If 14 years of Conservative government have been challenging for the arts, they have also been fertile ground for creative subject matter. Cultural offerings exploring themes of austerity and cuts; social inequality; health; education and culture wars have become mainstays of the UK’s arts landscape and the Edinburgh Fringe programme alike over the past decade. But as of July 4, we are told, change is afoot: a Labour government committed to “raising the next generation of creatives” holds the levers of power for the first time since 2010.
But with the election result coming just three weeks ahead of this year’s Fringe, many of this year’s festival offerings will still reckon with the legacy of the past 14 years. How do creatives examining the inequalities and harm set in motion by previous governments feel about the political moment in which their shows arrive – and will the dawn of a new government change how audiences relate to their subject matter?
Both Ugly Bucket’s “blazing inferno” Stuffed, about food insecurity, and Tending, a “heartbreaking, hilarious and very human look at the experience of nurses,” use verbatim theatre to tell their stories, and both emerged from one of the defining failures of the previous government: the Covid-19 pandemic. Stuffed was born from company members’ experiences of volunteering in foodbanks over lockdown, while Tending has its roots in the experience of one nurse in particular – the show's assistant producer, who is also a long-time best friend of playwright El Blackwood.
“The initial idea came from our conversations during Covid – both of us recognised that rather than hearing directly about nurses’ experiences, what we were hearing was stereotypes and hero worship,” says Blackwood of her conversations with the paediatric ICU nurse.
“Often that can lead to the justification of extended bad treatment; the idea that they’re angels so they can’t stop and they can’t complain, because that’s not who they are.”
What followed were interviews with 70 nurses taking place over a year, and exploring all aspects of their work from the good to the bad, the personal to the structural and everything in between. Every word spoken in Tending was also spoken by a real-life nurse in one of these interviews, Blackwood points out, making the final production all the more impactful.
“I think this approach is far more representative and far more authentic than fictionalising nurses’ accounts, and you get a multiplicity of perspectives rather than creating something monolithic” she says. “The audience feels like they’re witnessing something and that lens is an incredibly powerful one.”

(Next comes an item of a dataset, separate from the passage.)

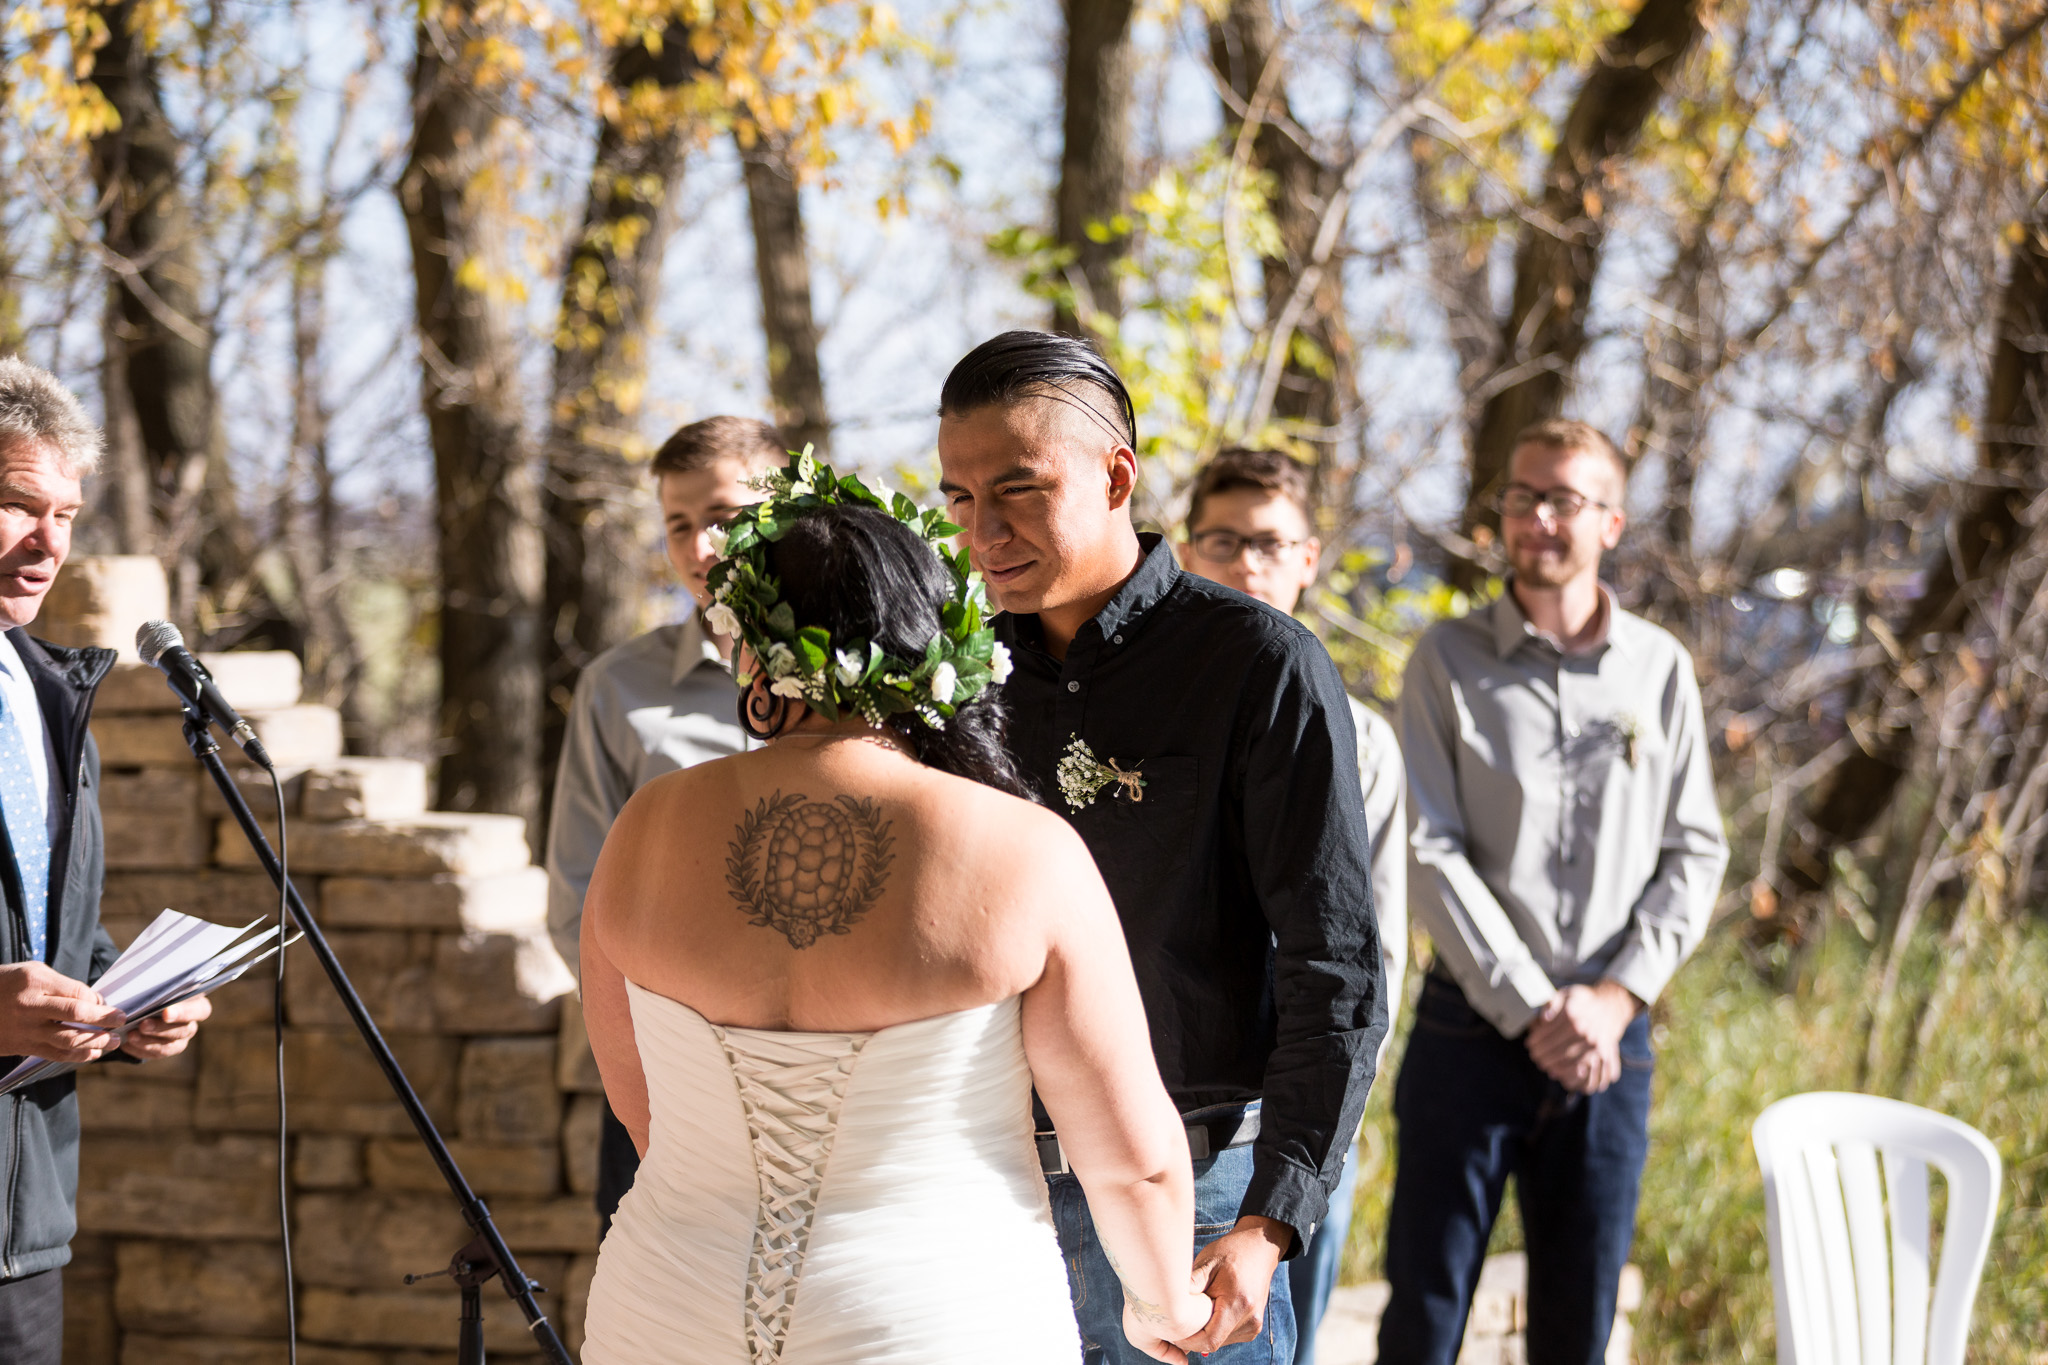 evergreen-village-winnipeg-wedding-21.jpg

Tending / Photo by Lucy Hayes
It was the same pursuit of truth and authenticity which led Ugly Bucket to verbatim theatre, an approach which has underpinned previous productions as well as Stuffed. Co-artistic director Grace Gallagher and colleagues embarked on a similar research process to that of Blackwood, using testimony from conversations with people working in food banks across England to shape the script and physical clowning elements which make up the production.
“A lot of what we try to do is around educating people, and we could make a show about statistics and the sheer magnitude of numbers, but we prefer to think about this idea of emotional education and creating empathy,” says Gallagher. “As human beings we’re emotional creatures and it’s emotion that fuels us – if I can make an audience empathise with one person’s individual story or truth, that’s more likely to impact change.”
Both productions spent time in the run up to this year’s Fringe considering their relationship to the general election including, in Blackwood’s case, whether the performance should be delayed until next year. But, say both, the issues they explore are bigger than a single government.
“For us, particularly as a Liverpool-based theatre company, it felt like it could have been really easy to make a show which just says ‘fuck the Tories’ for an hour,” says Gallagher. “But while there’s a lot of accountability to be had in austerity and the government we’ve had for the past 14 years, we wanted to be constructive in moving us forward and bringing people together.
“There isn’t one answer to this problem and now we’ve got this huge shift in government, that doesn’t automatically equal the solution.”
Social impact is also key to both productions, with Stuffed collecting for Edinburgh foodbanks throughout their run and Tending partnering with the Cavell Trust and offering a pre-Fringe reading in Shotts, North Lanarkshire, where a high proportion of NHS staff live. Outside of the Fringe, both productions make use of panel discussions and Q&As to bring the issues to life and inspire action among audiences.
Time will tell what difference a Labour government might make to the arts sector and the country more widely, but a sense of change and cautious optimism among Fringe-goers this year is a constructive backdrop to both productions, say Gallagher and Blackwood.
“We decided to go for this year instead of next, in part because it’s such a fertile ground for discussion,” says Blackwood. “A time of political change is a fantastic time for the show to be on.”
And for Gallagher, “I hope what happens is that the hope in the show feels more hopeful, and that maybe we feel less of the helplessness.
“But I still think it will feel angry. We need to feel hopeful and positive that change is coming but we can’t sit too comfortably in that – we still need to have an audience leaving thinking there are still things that need to be fought for.”